— Буде спьяну вздор-то молоть! Торчишь у Дойчина в корчме, а у нас вон ягненочек потерялся — белый с черной отметинкой на лбу. Обыскалась я всюду, нету его и нет. Слышишь, как овца надрывается, горюет, бедняжка, по своему дитятку.
— И пускай надрывается! У меня у самого душа горит, словно ее на огне поджаривают.
— И куда он запропастился? Уж не забрел ли в какой овражек? Пойду-ка еще поищу.
— Нечего зря слоняться на ночь глядя. Его нынче вечером мясник уж в поминанье записал.

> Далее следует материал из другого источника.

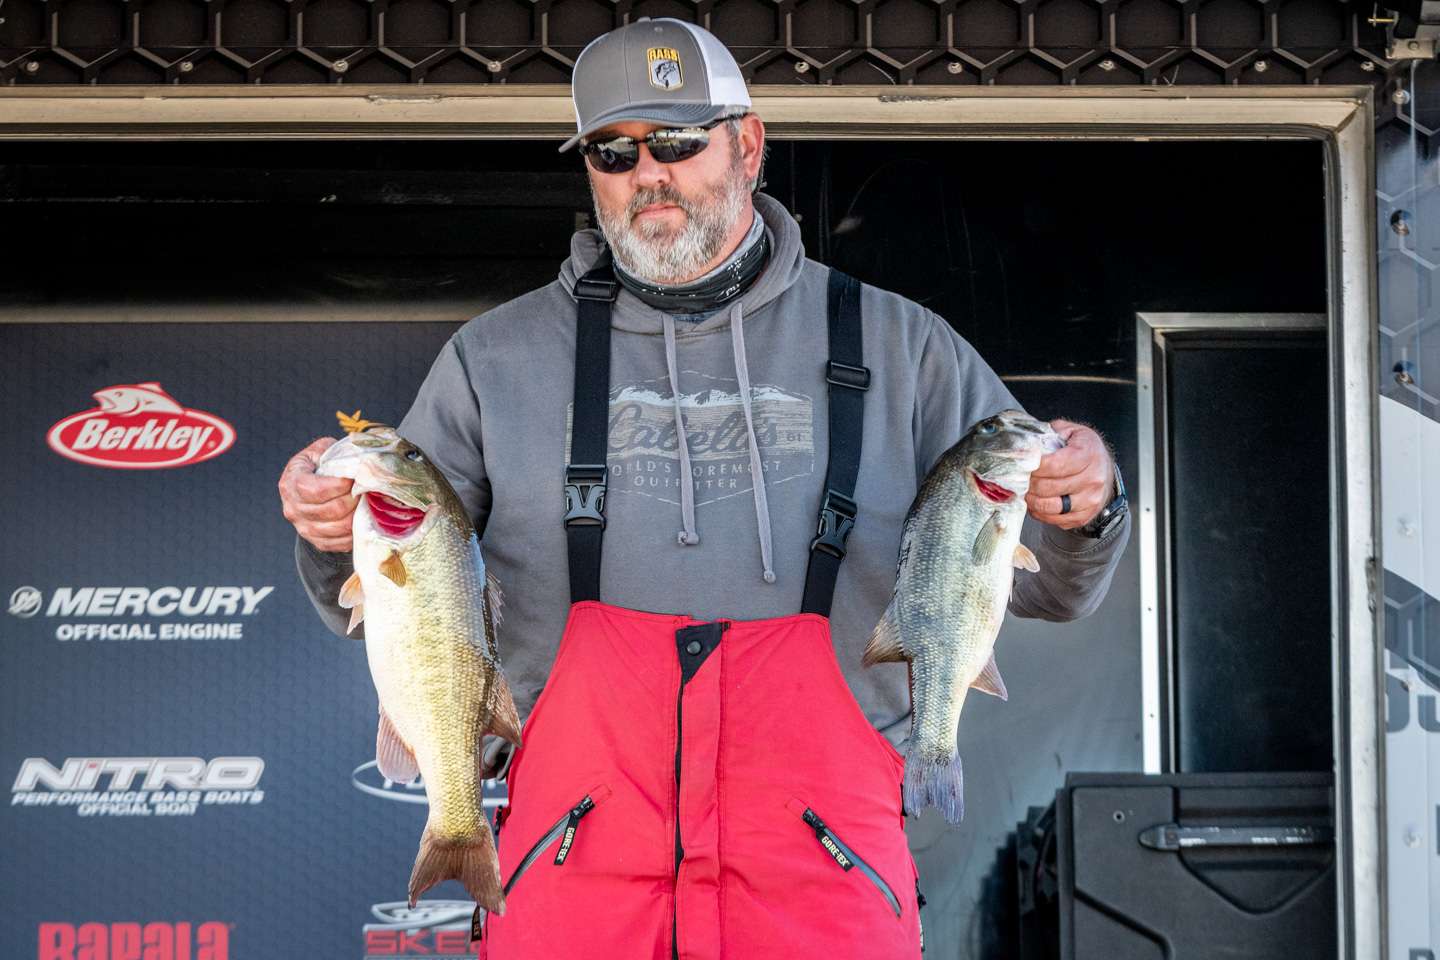 See how the Team anglers fared on the first day of the 2021 Bassmaster Team Championship at Lake Eufaula! <br><br>First up, Geoffrey Mcknight and Jay Estes (13th, 13 - 5)

— Так ты, выходит, и ягненка продал?
— И его! — огрызнулся дед Стойне. — Все стадо продам. И дом, и овчарню, да и тебя туда же! А ты как думала? Уж не надеешься ли, что я оставлю свое добро этим голодранцам, которые сюда понаехали?
— Эх, отец, отец, погубит тебя бутылочка. Чего ты супротив народа идешь? Чего злобишься?
— Не твоего ума дело.
— Неужто не видишь, какое молодежь большое дело затеяла? Чудно́ мне, как ты этого в толк не возьмешь. Раньше ведь вроде не глупый мужик был, а с тех пор, как схоронили мы сына, будто тебя подменили, сам не свой стал…

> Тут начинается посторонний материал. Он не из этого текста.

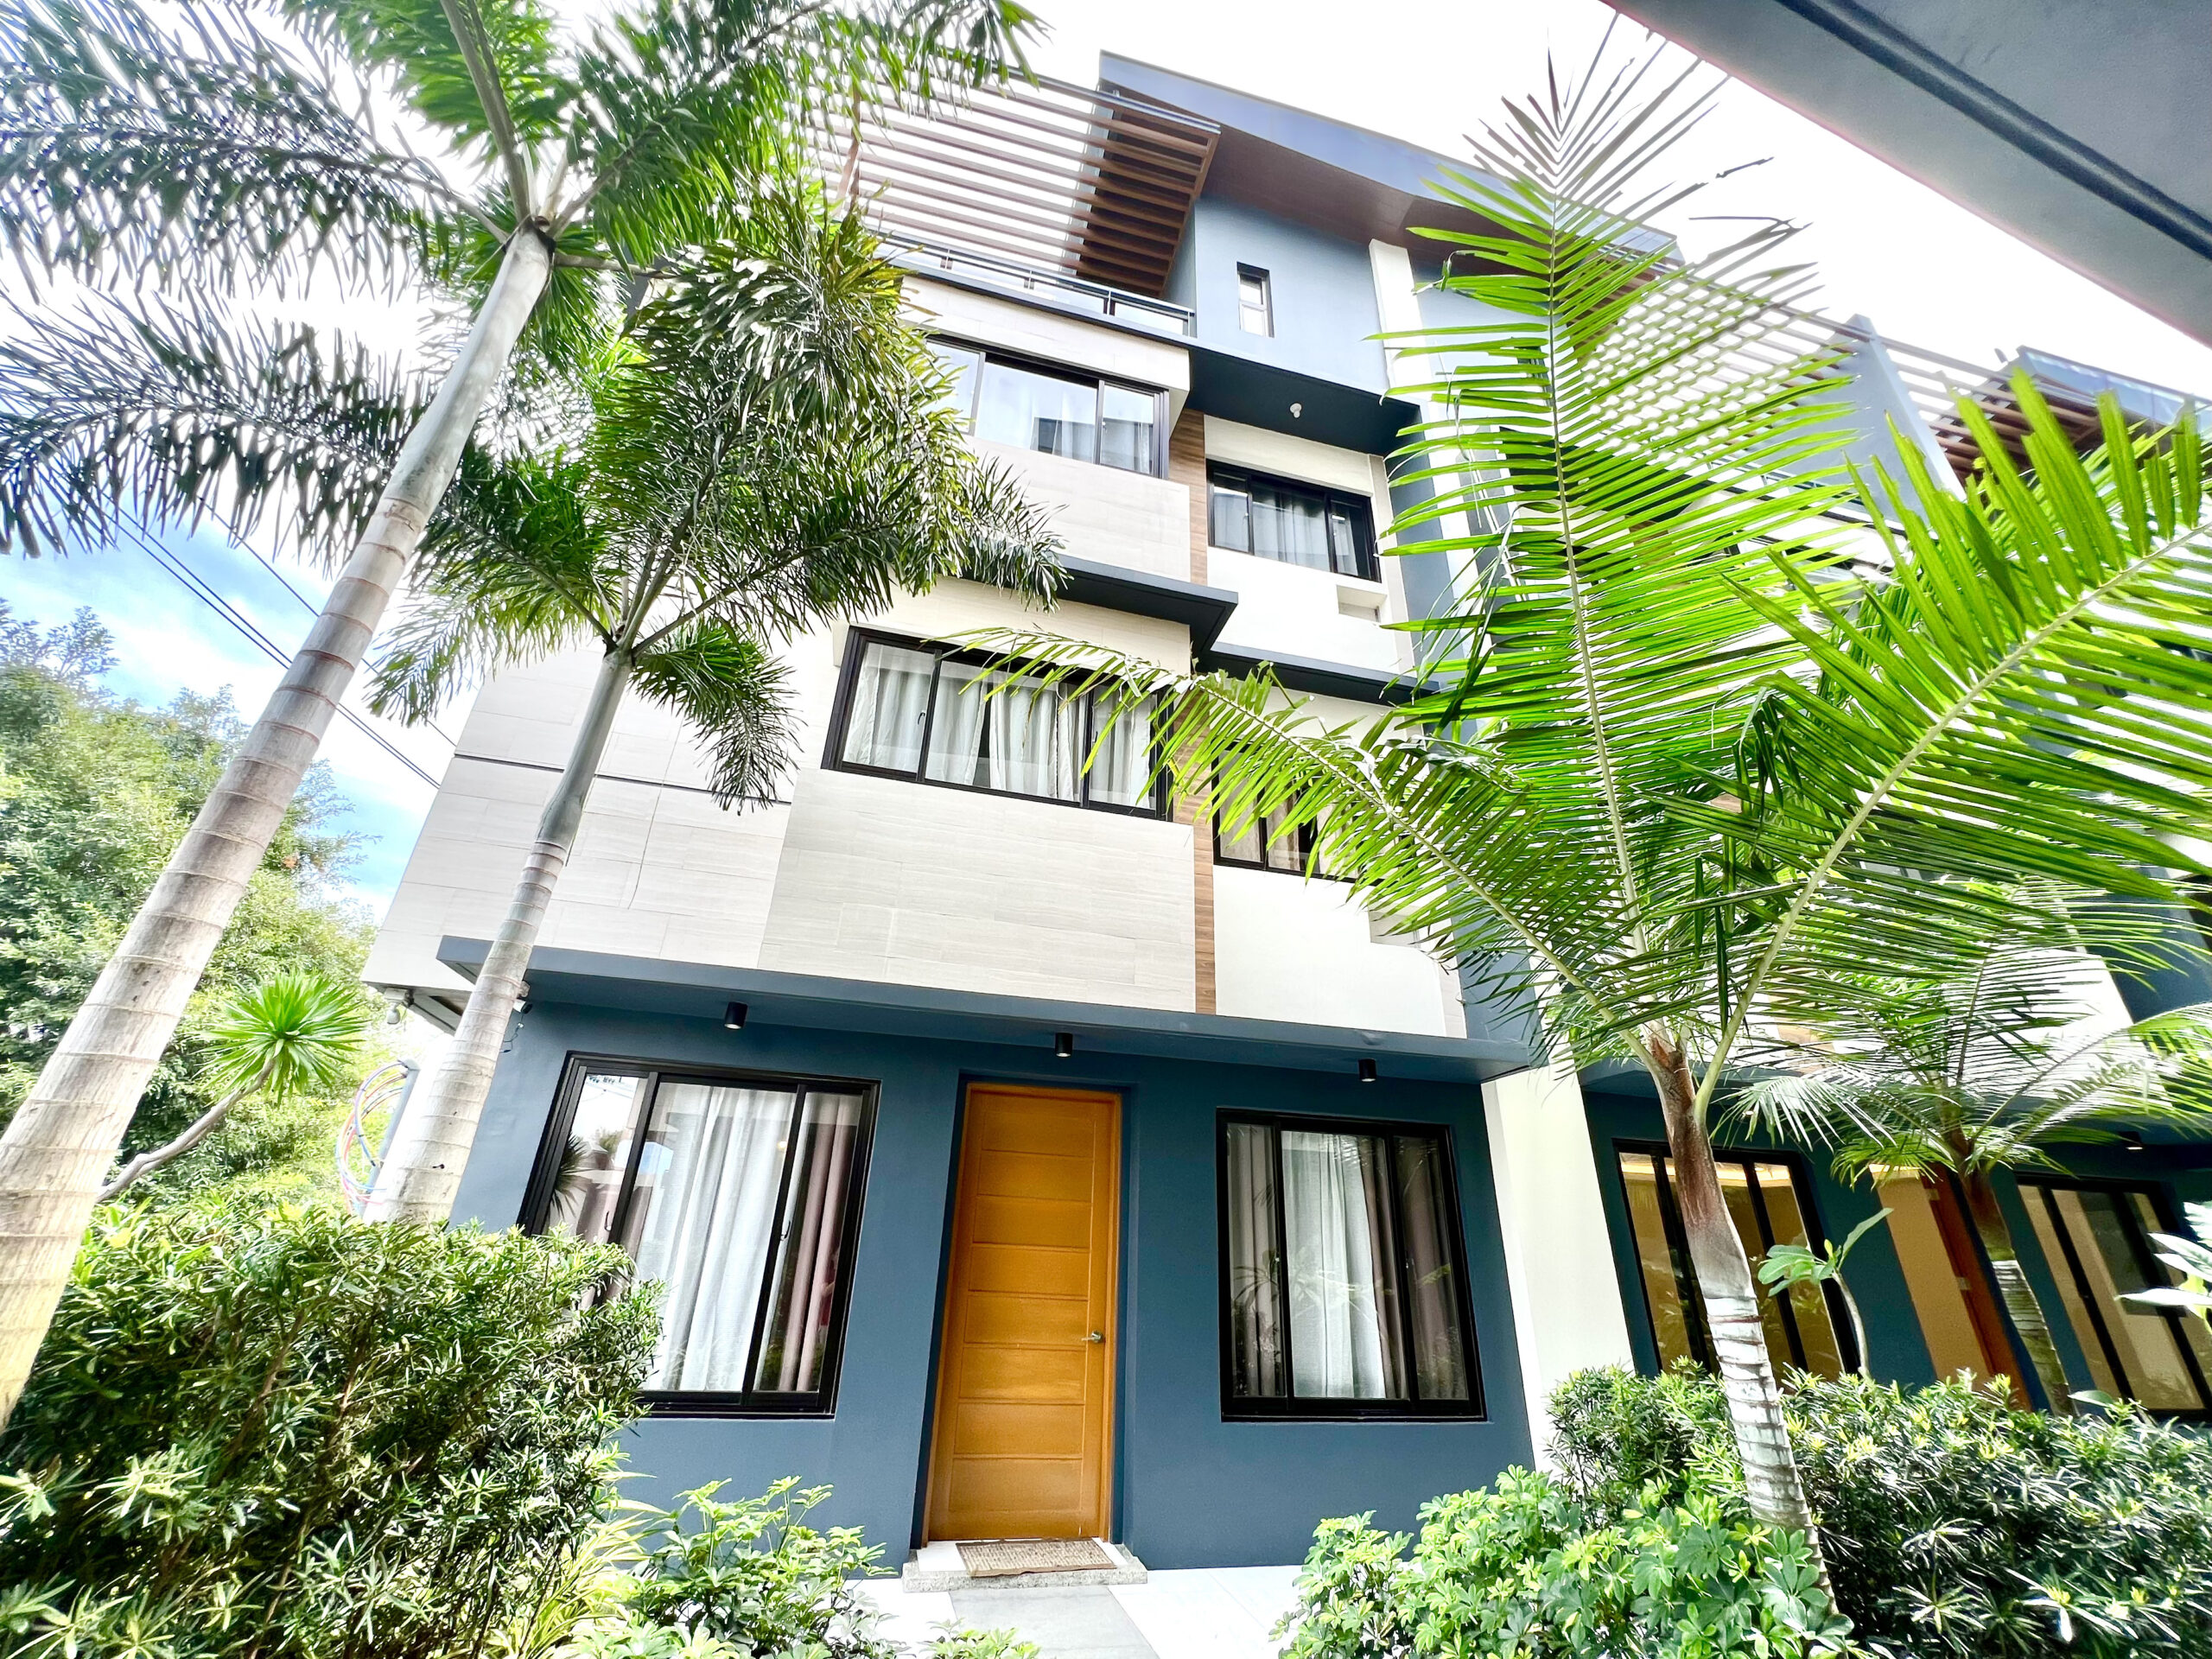 M2302: AFFORDABLE & CLASSY 3-4 BEDROOM TOWNHOUSE IN SAN JUAN

— Ты мне об сыне не поминай! Слыхала? — снова повысил голос дед Стойне.
— Слышу, слышу. Не буду! — ответила бабушка Златуша и вышла из избы. Дверь хлопнула. Она прошла через темный двор, подошла к овчарне и присела на корыто, из которого поят скотину. Из овчарни послышалось блеянье овцы, звавшей своего беленького детеныша. Протяжный и жалобный зов ее вспугнул тишину ночи. Разбередил незажившую рану в материнском сердце. Бабушка Златуша уронила на грудь голову. Вспомнился ей последний день жизни ее сына. Вернулся он с покоса до полудня, весь желтый, как сухоцвет. Бросил косу посреди двора и свалился на лавку.
— Помираю, мама! В животе словно разрывается что-то. Зови отца поскорее, везите меня в город… Ох, мамочки, до чего больно! Ох…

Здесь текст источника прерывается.